In 2008: A Continental Airlines Boeing 737-500 taking off from Denver veered off the runway into a ravine, injuring 37 people. Olga Lepeshinskaya, the Bolshoi Ballet’s prima ballerina for three decades during Soviet times, died in Moscow at age 92. Movie director Robert Mulligan (”To Kill a Mockingbird”) died in Lyme, Conn. at age 83.

In 2013: Russian President Vladimir Putin pardoned jailed tycoon Mikhail Khodorkovsky (mih-hah-EEL’ khoh-dohr-KAHV’-skee), who had spent 10 years in prison on charges of tax evasion and embezzlement. A federal judge struck down Utah’s ban on same-sex marriage.
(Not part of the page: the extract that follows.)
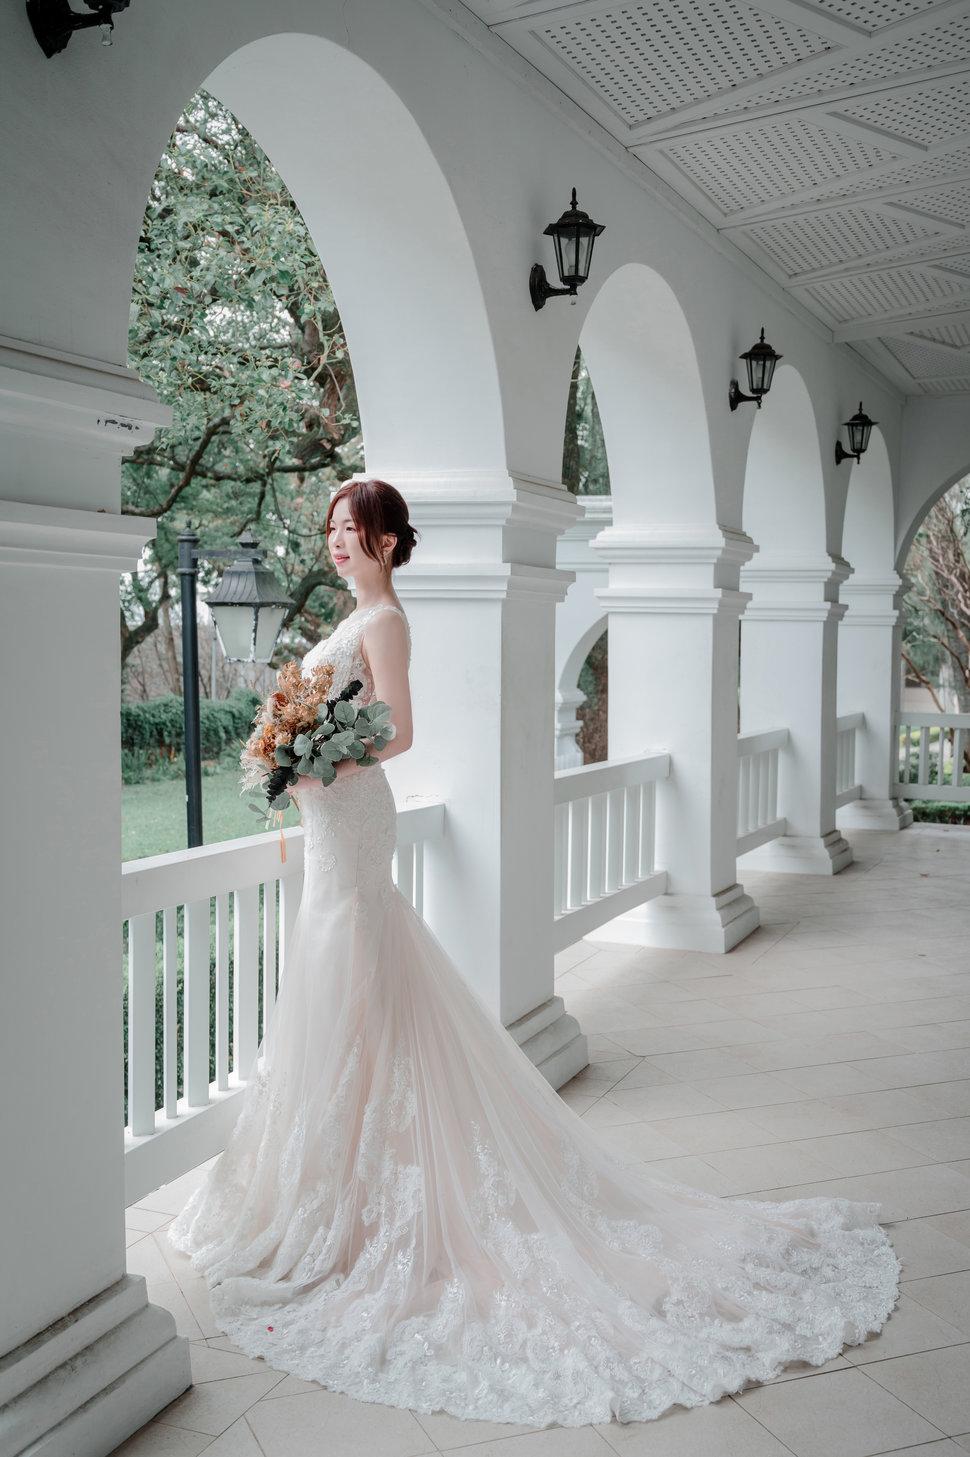 20200111-YEU_5581-1 - 花蓮婚紗 - Sposa Bella《結婚吧》
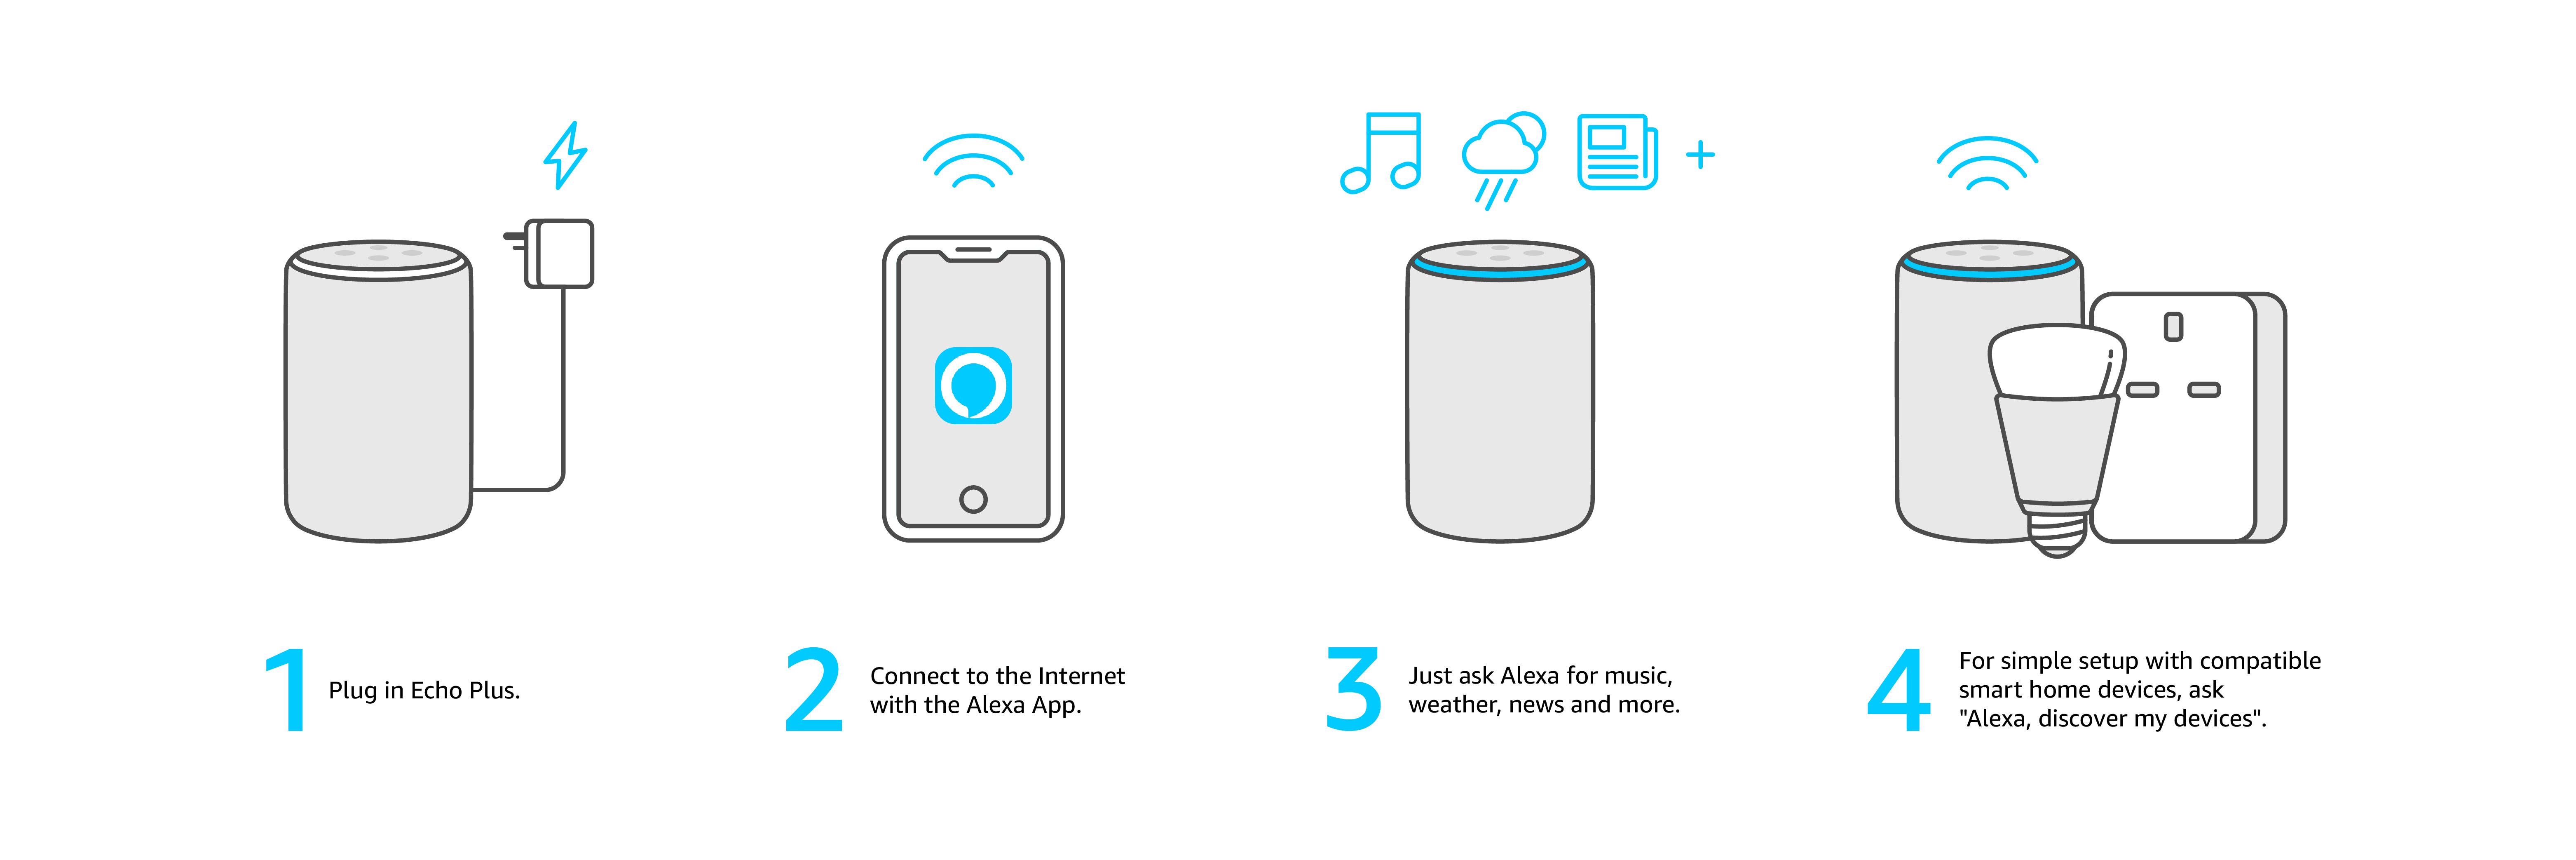 f75fec86a32 Echo Plus (2nd Gen) - Premium sound with a built-in smart home hub ...

In 2017: The House gave final congressional approval to a $1.5 trillion tax overhaul, the biggest package of tax changes in a generation and the first major legislative achievement of President Donald Trump and House and Senate Republicans; some Republicans warned of a potential backlash against an overhaul that offered corporations and wealthy taxpayers the biggest benefits. Cardinal Bernard Law, the disgraced former archbishop of Boston, died in Rome at the age of 86; his failure to stop child molesters in the priesthood had triggered a crisis in American Catholicism.